Our data with HEK-293 cells suggest cryofixation as the best method, as it ensures the highest cell volume, very likely the closest to the physiological one. Moreover, in agreement with Perrin et al. [15], it maintains a high level of Mg while inducing a moderate loss of Na (Figure 6e). However, cryofixation with freeze-drying is a sensitive step because biological samples usually contain a high percentage of water. If not properly performed, it can lead to elemental redistribution, loss of elements, shrinking of the specimens, and severe morphology distortion [24].
Cryofixation provides the most truthful representation of the cellular biological structure; however, a limit is the lower repeatability compared to other protocols, as shown by the measurement of the oxygen coefficient of variation (Figure 6g). This is probably due to an intrinsic technical difficulty of operating in a standardised way [25]. To summarise, PFA fixation at 3.7% is the recommended protocol in the absence of cryofixation, even though our results and other ones from literature [15,16,26] suggest that all chemical fixatives affect some aspects of the measurement.
Finally, attention must be paid to water washing after fixation since our results demonstrate that it has some influence on elemental XRF counts, as organic fixatives are known to perforate cell membranes, inducing a release of elemental content outside the cell.
The main analytical constraints of the methods under study are summarised in Table 1 according to our study and the literature [15,16,26].

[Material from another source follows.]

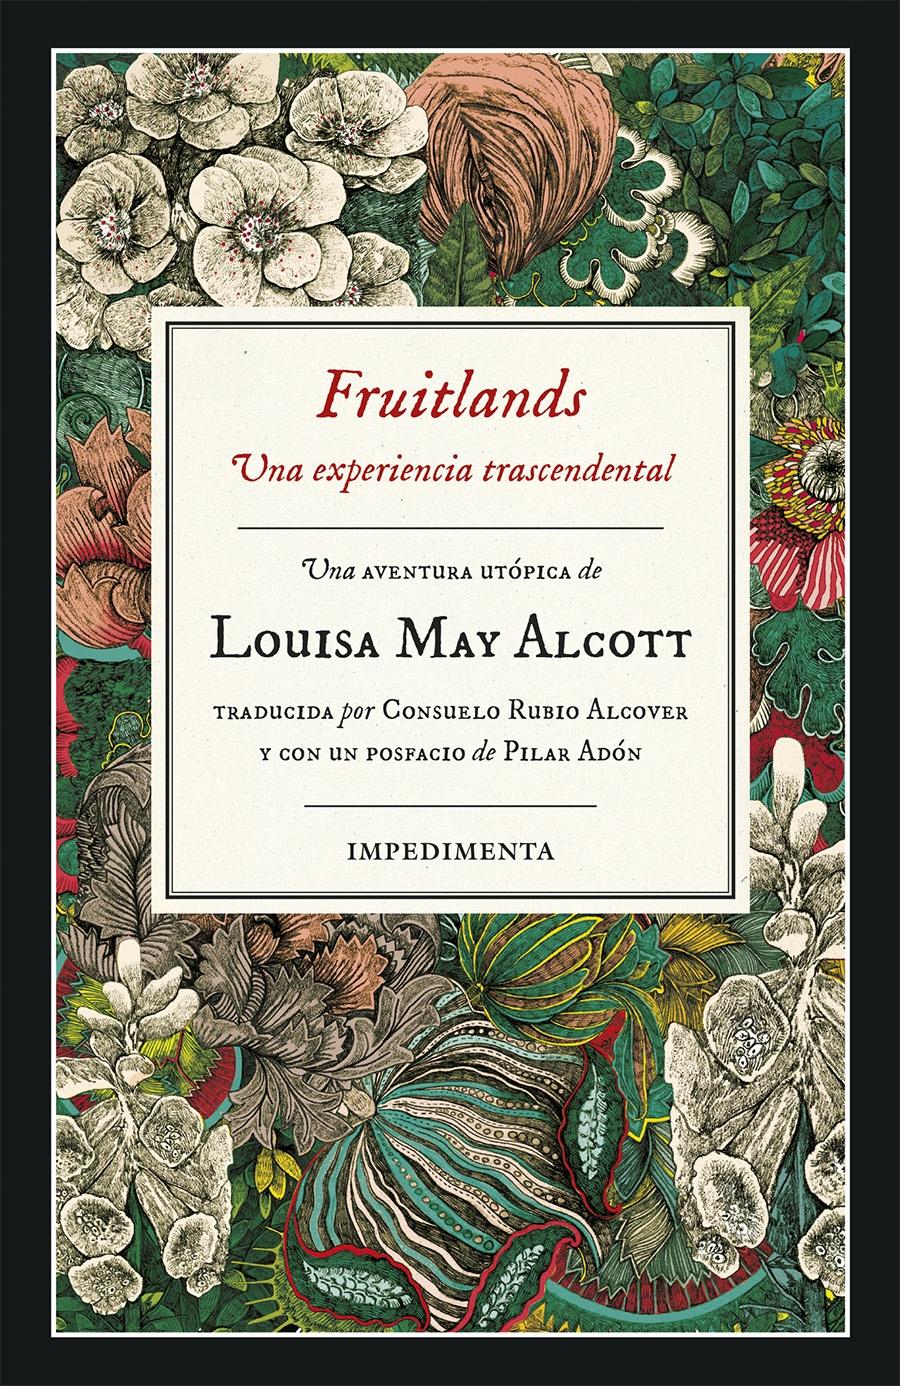 Fruitlands "Una Experiencia Trascendental". 
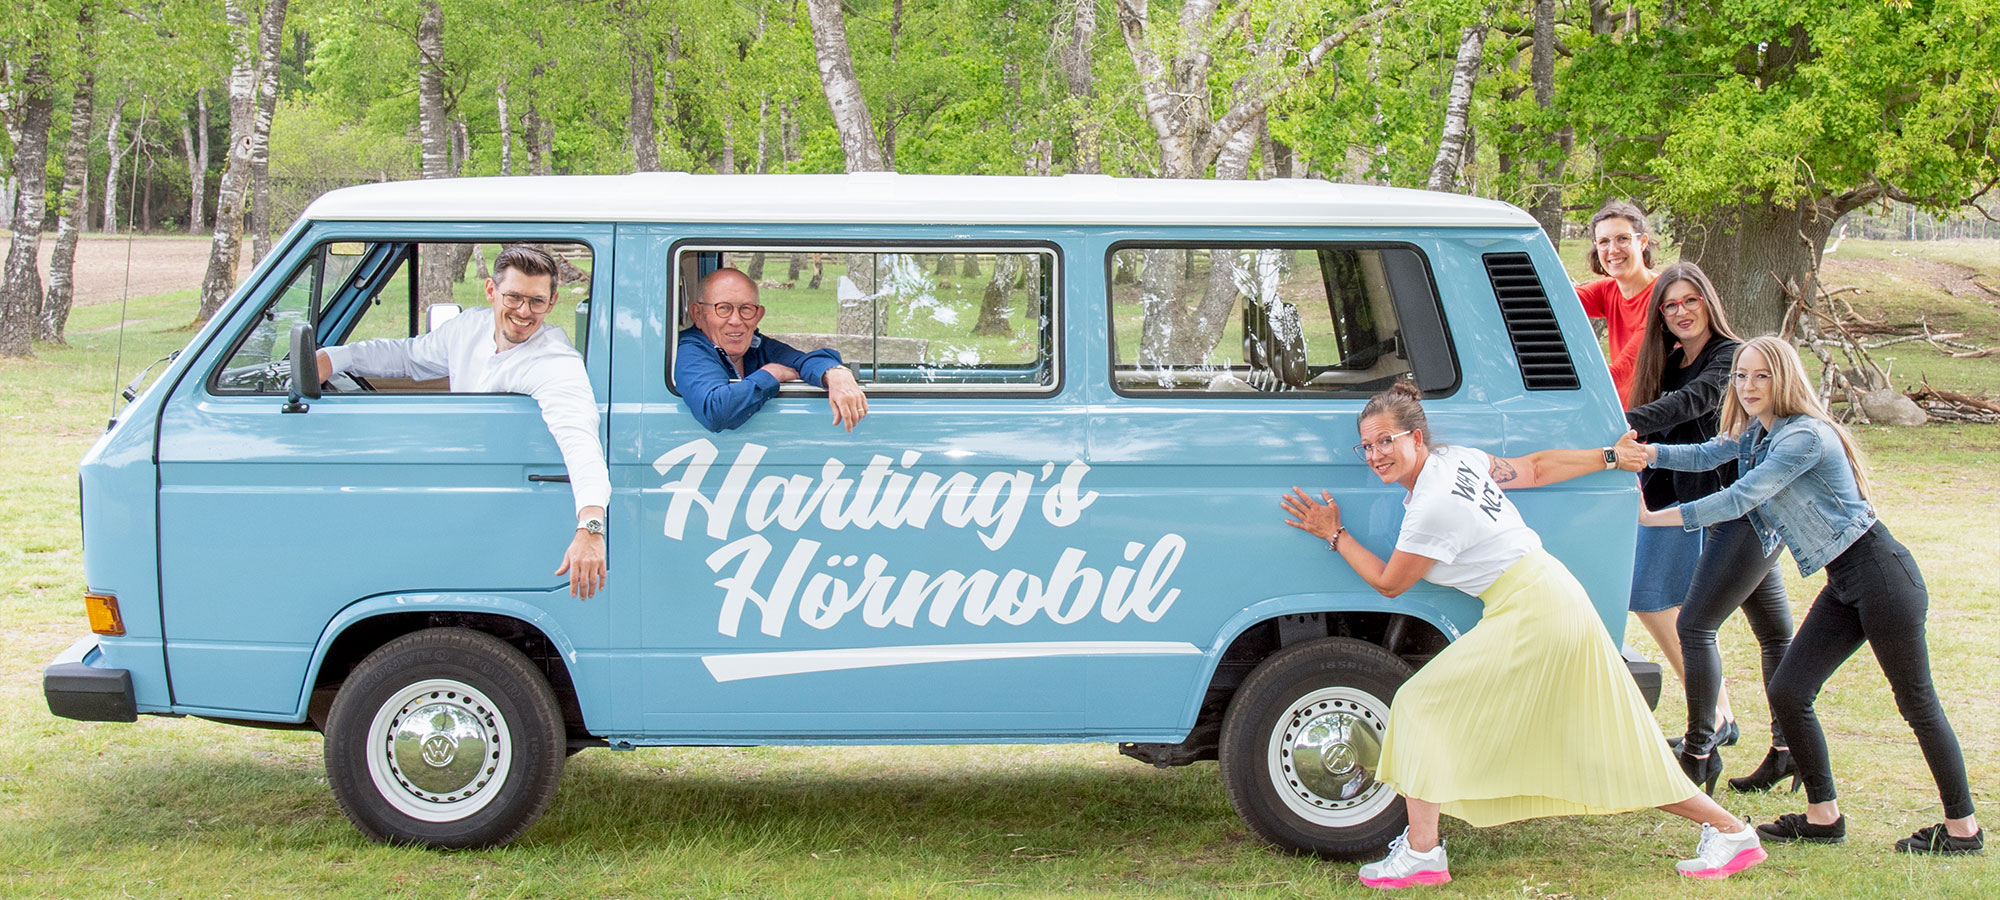 Gruppenfoto vom Harting Team mit einem blauen Van. Aufschrift auf dem Van: "Harting's Hörmobil"

To note, the study was performed on a limited population of cells due to two main factors: (i) access to a synchrotron facility is granted only for scientific merit, assessed by a peer review process carried out every 6 months; (ii) low-energy XRF is not an efficient phenomenon, as below 2 keV the Auger effect is the dominant process, which results in a low florescence yield and thus long measurement times. Despite these intrinsic limitations, the reported results still provide very useful information to the X-ray microscopy and XRF community, and further complement and confirm the results available in literature, which suffer as well from similar constraints [15,16].
4. Materials and Methods
Silicon nitride membranes Si3N4 (100 nm thick; Silson, Southam, UK) were used as support for both XRFM and AFM analyses for all the specimens under study. Si3N4 were previously sterilised under a laminar flow hood with EtOH 70%, which was left to evaporate overnight in a petri dish.
4.1. Cellular Models
4.1.1. HEC-1-A Endometrial Cells
HEC-1-A endometrial cells from human adenocarcinoma (ATCC HTB-112) were cultured in McCoy’s 5a Medium supplemented with 10% foetal bovine serum, 100 units/mL penicillin, and 100 μg/mL streptomycin (Sigma Aldrich, Milan, Italy). For the experiments 50.000 cells were seeded in 12 multiwell plates containing silicon nitride membranes (100 nm thick; Silson, Southam, UK). After 24 h, the cells were fixed with three different protocols:
- Paraformaldehyde (PFA) 3.7% in phosphate buffer saline (PBS) for 20 min at room temperature
- PFA 2% for 2 min at room temperature
- 70% ice-cold ethanol for 3 min at −20 °C
Then the membranes were washed twice in PBS and twice in distilled water and air-dried.
4.1.2. Spermatozoa
Three fresh semen samples were collected from European Caucasian male volunteer donors enrolled at the assisted procreation unit (Institute for Maternal and Child Health IRCCS Burlo Garofolo, Trieste, Italy). All participants signed an informed consent. All experimental procedures were conducted according to the ethical standards of the Declaration of Helsinki (7th version 2013); the study was approved by the regional (FVG) Ethics Committee (Comitato Etico Unico Regionale FVG) (CEUR-2019-Os-191). The specimens were collected via masturbation after 2–7 days of sexual abstinence. After liquefaction, the samples were observed under an optic microscope and they presented normal parameters in terms of concentration and motility (according to the World Health Organization guidelines) [27].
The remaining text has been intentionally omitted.